— INSTRUCTIONS FOR THE TASK —
Set down exactly the lines that run from the one containing "Muebles Modulares E9dx" to the end of the material below, both included, without pictures.
EXERCISE DATA START
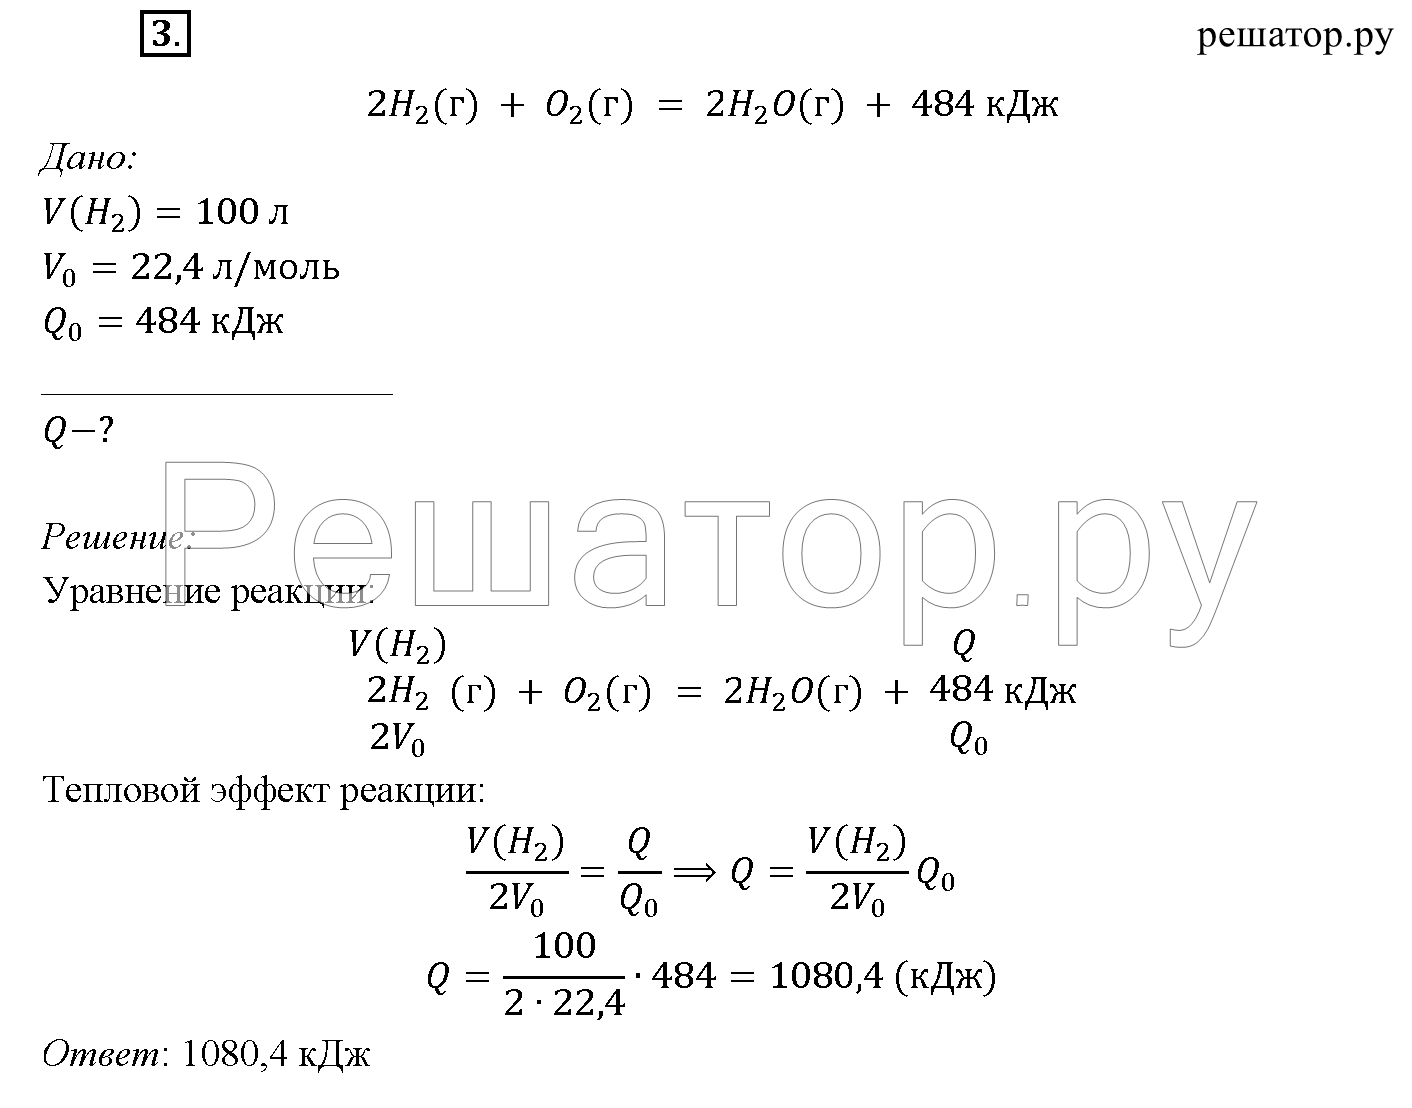 решебник по химии учебник рудзитис
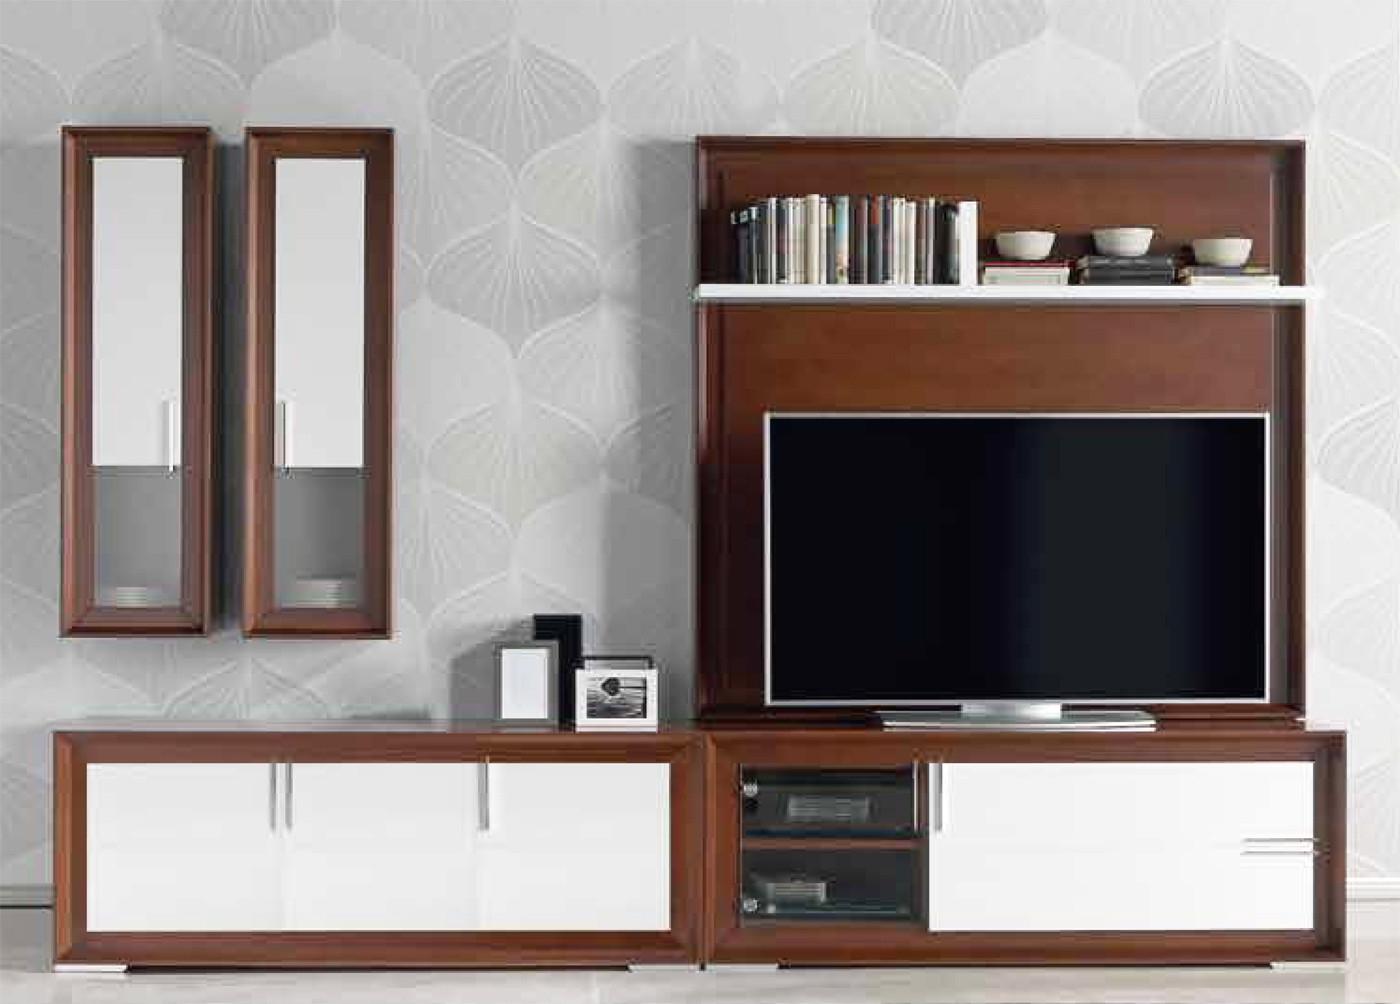 Muebles Modulares E9dx Muebles Modulares Con Mà Dulo De Televisià N En Madera De Haya
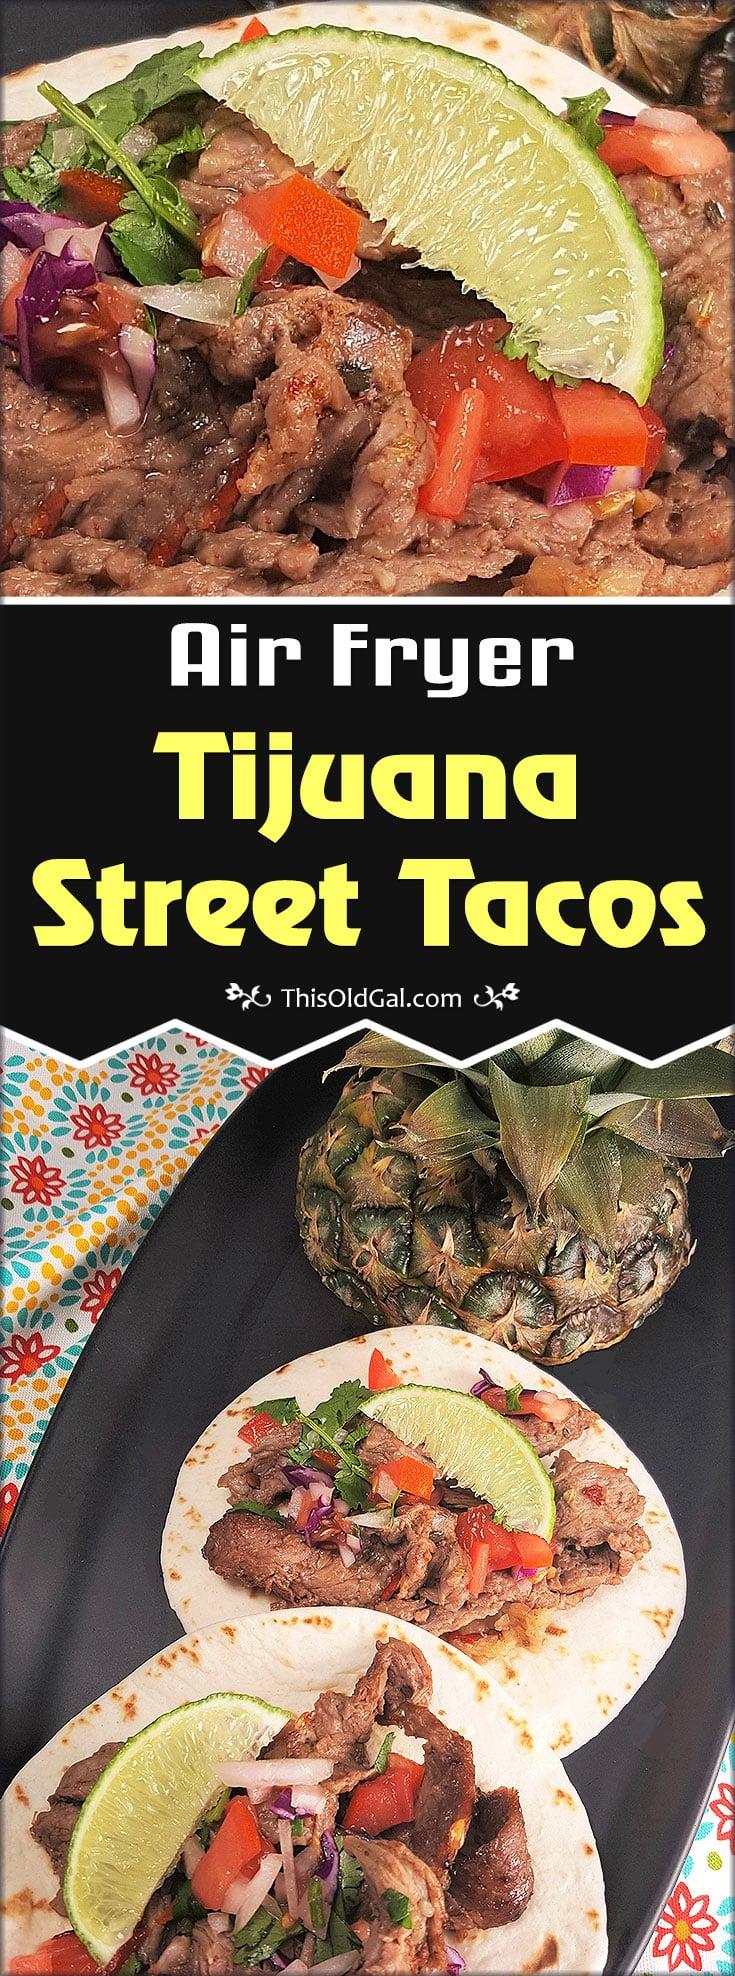 Air Fryer Tijuana, Mexico Street Carne Tacos
EXERCISE DATA END
— ANSWER —
 Muebles Modulares E9dx Muebles Modulares Con Mà Dulo De Televisià N En Madera De Haya
 Air Fryer Tijuana, Mexico Street Carne Tacos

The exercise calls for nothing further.